The solution to this is to make sure that there are no open files when we make the recursive call. How do we do this? When enumerating the files in a directory, we put all directories into a dllist, and then after closing the directory file, we traverse the list and make the recursive calls. We need to do a strdup() when we put the directories into the dllist. Why? Think it over, or see what happens when you don't do it... The correct and final version of prsize is in src/prsize8.c.

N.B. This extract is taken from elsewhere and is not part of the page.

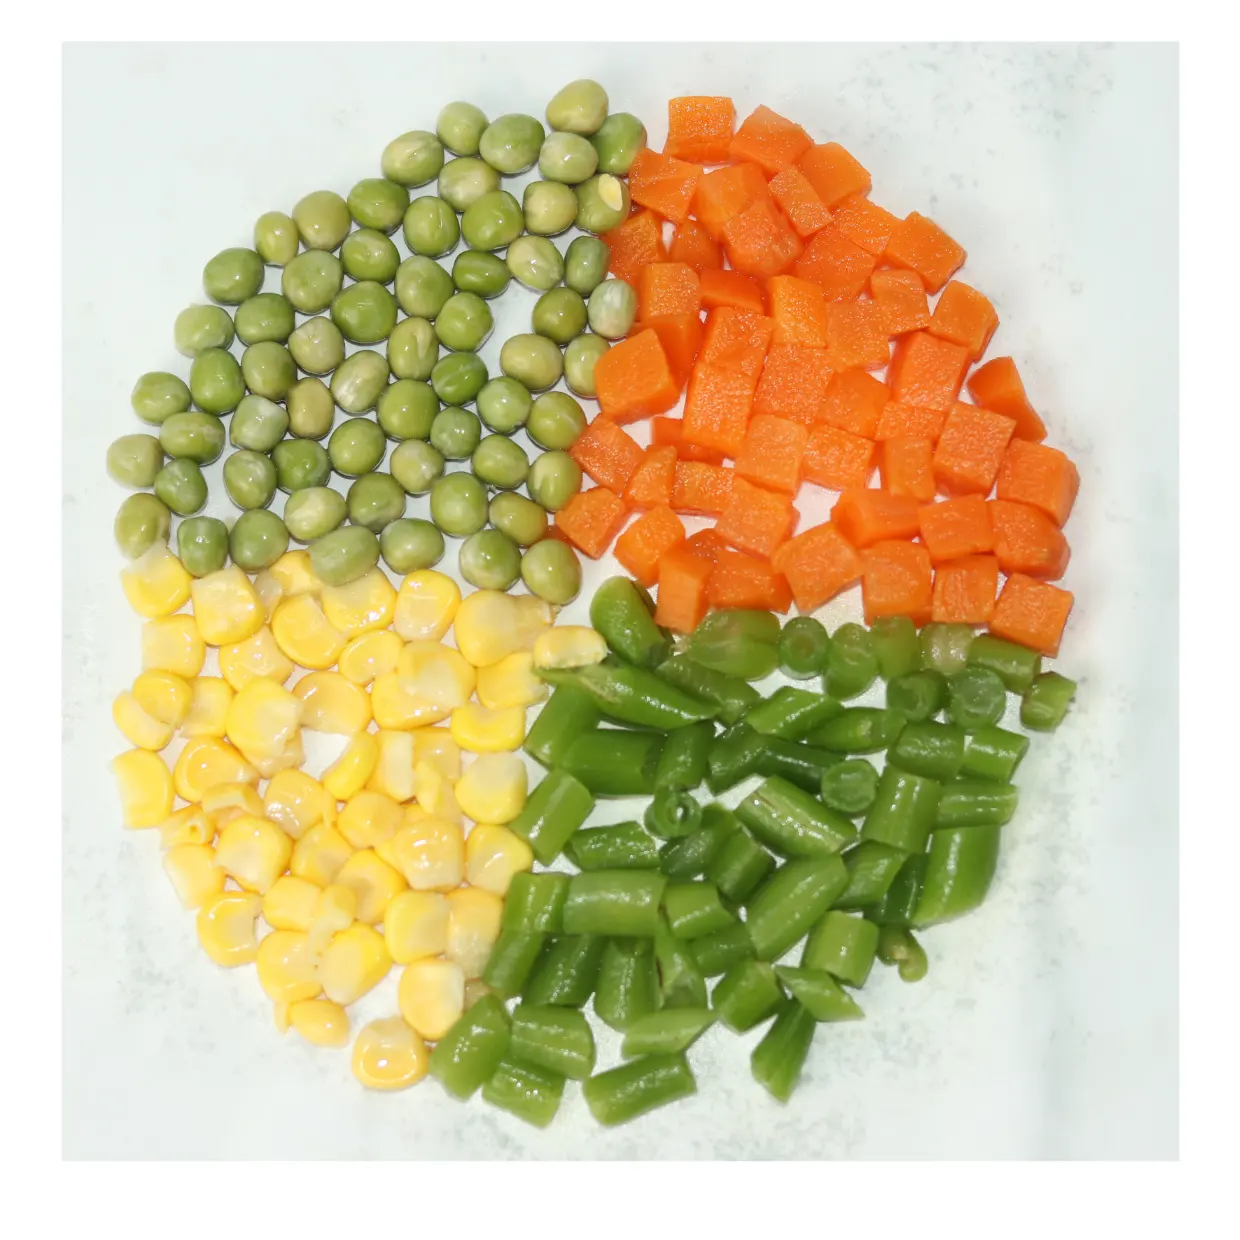 冷凍混合野菜天然野菜スイートグリーンビーンズ冷凍スイートコーンキャロット調理用

Here are the changes:
long get_size(const char *fn, JRB inodes) { /* Other variable declarations are deleted. */ Dllist directories, tmp; /* Dllist of directory names, for doing recusion after closing. */ /* Initialize (other code deleted). */ directories = new_dllist(); for (de = readdir(d); de != NULL; de = readdir(d)) { /* Other code deleted */ /* Don't make the recursive call, but instead put the directory into the dllist. */ if (S_ISDIR(buf.st_mode) && strcmp(de->d_name, ".") != 0 && strcmp(de->d_name, "..") != 0) { dll_append(directories, new_jval_s(strdup(dir_fn))); } } /* Make the recursive calls after you've closed the directory. */ closedir(d); dll_traverse(tmp, directories) { total_size += get_size(tmp->val.s, inodes); } /* Clean up. You need to free the strings inside the dllist, because you allocated them with strdup(), and they'll be a memory leak otherwise. */ dll_traverse(tmp, directories) free(tmp->val.s); free_dllist(directories); free(dir_fn); return total_size; } |
Now it works even with 10 file descriptors:
UNIX> ulimit -n 10 UNIX> ../bin/prsize8 381 UNIX>As an aside, it's 2021, and find still has the same bug as prsize7.c:
UNIX> ulimit -a | grep open open files (-n) 10 UNIX> find . -print . ./1 ./1/2 ./1/2/3 ./1/2/3/4 find: ‘./1/2/3/4’: Too many open files UNIX>On the flip side, tar handles it correctly:
UNIX> tar cvf ~/junk.tar . ./ ./1/ ./1/2/ ./1/2/3/ ./1/2/3/4/ ./1/2/3/4/5/ ./1/2/3/4/5/6/ ./1/2/3/4/5/6/7/ ./1/2/3/4/5/6/7/8/ ./1/2/3/4/5/6/7/8/9/ UNIX>When I first wrote this lecture, in the mid 1990's, I made test4 have 257 subdirectories, rather than 10. That way, I didn't have mess with the ulimit command. Within a day, I had an email from our system administrator, complaining that the directory broke the system backup program. It also broke tar. So, I changed the directory to its current structure. I like to think that the good folks who write system tools fixed tar because they stumbled upon my lecture notes. A man can dream, can't he?